2.11. Construction of Plant Expression Vectors

To investigate the regulatory effect of ThMYB4 and ThMYB7 on flavonoid biosynthesis, transgenic T. hemsleyanum hairy roots that overexpressed ThMYB4 and ThMYB7 were constructed. For the construction of the ThMYB4- and ThMYB7-overexpressed vectors, the CDS sequences of ThMYB4 and ThMYB7 were cloned and inserted into the overexpression vector pK7WG2R at the restriction site between BamHI and SalI (NEB, Beijing, China) to generate pK7WG2R-ThMYB4 and pK7WG2R-ThMYB7.
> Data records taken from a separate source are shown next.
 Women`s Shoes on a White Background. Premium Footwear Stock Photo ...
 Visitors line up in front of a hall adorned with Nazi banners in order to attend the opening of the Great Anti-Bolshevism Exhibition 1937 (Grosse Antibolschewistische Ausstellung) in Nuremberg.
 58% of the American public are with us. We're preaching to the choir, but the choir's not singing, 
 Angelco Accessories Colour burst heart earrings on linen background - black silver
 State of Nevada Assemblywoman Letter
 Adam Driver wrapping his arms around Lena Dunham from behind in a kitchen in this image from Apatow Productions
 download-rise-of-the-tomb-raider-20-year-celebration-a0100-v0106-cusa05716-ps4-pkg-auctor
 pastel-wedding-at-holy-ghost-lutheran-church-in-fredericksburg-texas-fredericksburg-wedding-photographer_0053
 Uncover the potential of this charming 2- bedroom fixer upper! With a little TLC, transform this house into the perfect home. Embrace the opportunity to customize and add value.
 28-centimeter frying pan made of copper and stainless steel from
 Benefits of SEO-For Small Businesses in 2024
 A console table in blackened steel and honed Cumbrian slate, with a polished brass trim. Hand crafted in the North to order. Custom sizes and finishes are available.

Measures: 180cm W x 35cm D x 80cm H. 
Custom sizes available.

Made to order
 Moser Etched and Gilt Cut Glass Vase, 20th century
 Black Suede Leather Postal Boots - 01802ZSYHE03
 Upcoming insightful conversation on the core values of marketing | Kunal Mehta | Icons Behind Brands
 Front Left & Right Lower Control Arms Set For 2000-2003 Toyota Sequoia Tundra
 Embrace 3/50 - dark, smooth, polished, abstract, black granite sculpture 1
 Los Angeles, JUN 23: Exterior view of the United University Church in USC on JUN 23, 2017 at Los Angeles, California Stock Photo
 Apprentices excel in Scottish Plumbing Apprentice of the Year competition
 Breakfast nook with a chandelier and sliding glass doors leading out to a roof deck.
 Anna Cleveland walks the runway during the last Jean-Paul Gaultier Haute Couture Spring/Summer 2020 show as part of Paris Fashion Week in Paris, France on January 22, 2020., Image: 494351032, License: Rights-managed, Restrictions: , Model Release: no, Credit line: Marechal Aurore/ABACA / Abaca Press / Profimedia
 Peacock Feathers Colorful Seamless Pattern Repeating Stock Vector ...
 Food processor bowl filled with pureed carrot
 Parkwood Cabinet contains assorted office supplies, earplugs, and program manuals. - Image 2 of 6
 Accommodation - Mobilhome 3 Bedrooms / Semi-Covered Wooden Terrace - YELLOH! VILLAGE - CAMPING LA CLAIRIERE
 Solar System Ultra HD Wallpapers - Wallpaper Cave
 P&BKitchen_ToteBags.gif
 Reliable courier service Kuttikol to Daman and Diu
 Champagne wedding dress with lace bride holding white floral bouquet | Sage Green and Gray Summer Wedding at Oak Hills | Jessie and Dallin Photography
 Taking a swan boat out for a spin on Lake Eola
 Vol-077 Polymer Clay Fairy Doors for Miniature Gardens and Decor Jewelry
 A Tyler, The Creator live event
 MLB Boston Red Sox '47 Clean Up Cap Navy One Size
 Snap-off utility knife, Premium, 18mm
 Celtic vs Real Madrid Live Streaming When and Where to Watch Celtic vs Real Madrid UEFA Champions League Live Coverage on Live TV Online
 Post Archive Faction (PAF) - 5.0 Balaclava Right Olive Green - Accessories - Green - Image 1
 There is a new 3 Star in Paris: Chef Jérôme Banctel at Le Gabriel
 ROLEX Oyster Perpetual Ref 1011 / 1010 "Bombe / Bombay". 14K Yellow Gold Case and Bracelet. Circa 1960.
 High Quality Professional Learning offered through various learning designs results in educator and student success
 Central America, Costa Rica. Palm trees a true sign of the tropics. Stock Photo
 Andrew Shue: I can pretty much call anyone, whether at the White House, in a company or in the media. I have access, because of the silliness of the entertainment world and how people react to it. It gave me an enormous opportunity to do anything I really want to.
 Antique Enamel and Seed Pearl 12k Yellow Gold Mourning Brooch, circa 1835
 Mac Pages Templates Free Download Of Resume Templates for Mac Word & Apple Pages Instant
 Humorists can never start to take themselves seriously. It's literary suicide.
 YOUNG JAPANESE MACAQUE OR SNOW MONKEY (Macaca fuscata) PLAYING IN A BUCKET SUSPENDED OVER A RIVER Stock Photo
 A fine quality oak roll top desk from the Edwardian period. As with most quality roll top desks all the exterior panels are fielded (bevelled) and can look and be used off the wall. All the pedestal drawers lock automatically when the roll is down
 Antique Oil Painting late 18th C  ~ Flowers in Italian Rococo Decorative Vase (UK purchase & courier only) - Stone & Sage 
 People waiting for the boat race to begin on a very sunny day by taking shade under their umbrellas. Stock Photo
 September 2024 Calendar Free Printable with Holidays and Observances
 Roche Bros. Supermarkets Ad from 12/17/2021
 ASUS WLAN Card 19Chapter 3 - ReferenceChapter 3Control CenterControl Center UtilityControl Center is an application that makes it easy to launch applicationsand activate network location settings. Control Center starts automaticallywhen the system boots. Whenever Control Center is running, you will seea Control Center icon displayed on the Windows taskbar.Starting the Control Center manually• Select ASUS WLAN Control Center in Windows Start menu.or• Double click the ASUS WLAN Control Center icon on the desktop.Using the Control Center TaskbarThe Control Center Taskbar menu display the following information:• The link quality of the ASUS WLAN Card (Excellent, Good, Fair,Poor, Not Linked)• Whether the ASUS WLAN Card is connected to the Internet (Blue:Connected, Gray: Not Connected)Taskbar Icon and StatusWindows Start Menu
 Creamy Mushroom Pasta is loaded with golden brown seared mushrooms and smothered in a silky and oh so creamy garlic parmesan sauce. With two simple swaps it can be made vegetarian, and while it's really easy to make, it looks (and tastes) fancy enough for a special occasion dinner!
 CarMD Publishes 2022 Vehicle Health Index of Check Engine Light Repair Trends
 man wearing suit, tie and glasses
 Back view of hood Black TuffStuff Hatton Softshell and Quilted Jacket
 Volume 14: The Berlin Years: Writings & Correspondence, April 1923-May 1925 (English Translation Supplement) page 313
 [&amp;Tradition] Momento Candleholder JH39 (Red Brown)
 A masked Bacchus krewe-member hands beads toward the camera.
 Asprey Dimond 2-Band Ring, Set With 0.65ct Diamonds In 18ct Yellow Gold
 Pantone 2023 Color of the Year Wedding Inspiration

2.12. Acquisition of Transgenic Hairy Root Lines

The hairy root lines were acquired from the transformation of leaf explants from the sterile plantlets of T. hemsleyanum. To identify the positive transgenic lines, all hairy roots were collected to isolate the genomic DNA using the Super Plant Genomic DNA Kit (TIANGEN, Beijing, China). The positive transgenic lines were then identified by PCR using ThMYB4 and ThMYB7 specific primers, respectively. The identified positive lines were used for the extraction of RNA and metabolites. All primers used for the construction of the overexpression vector and the PCR identification of transgenic lines are listed in Table S1.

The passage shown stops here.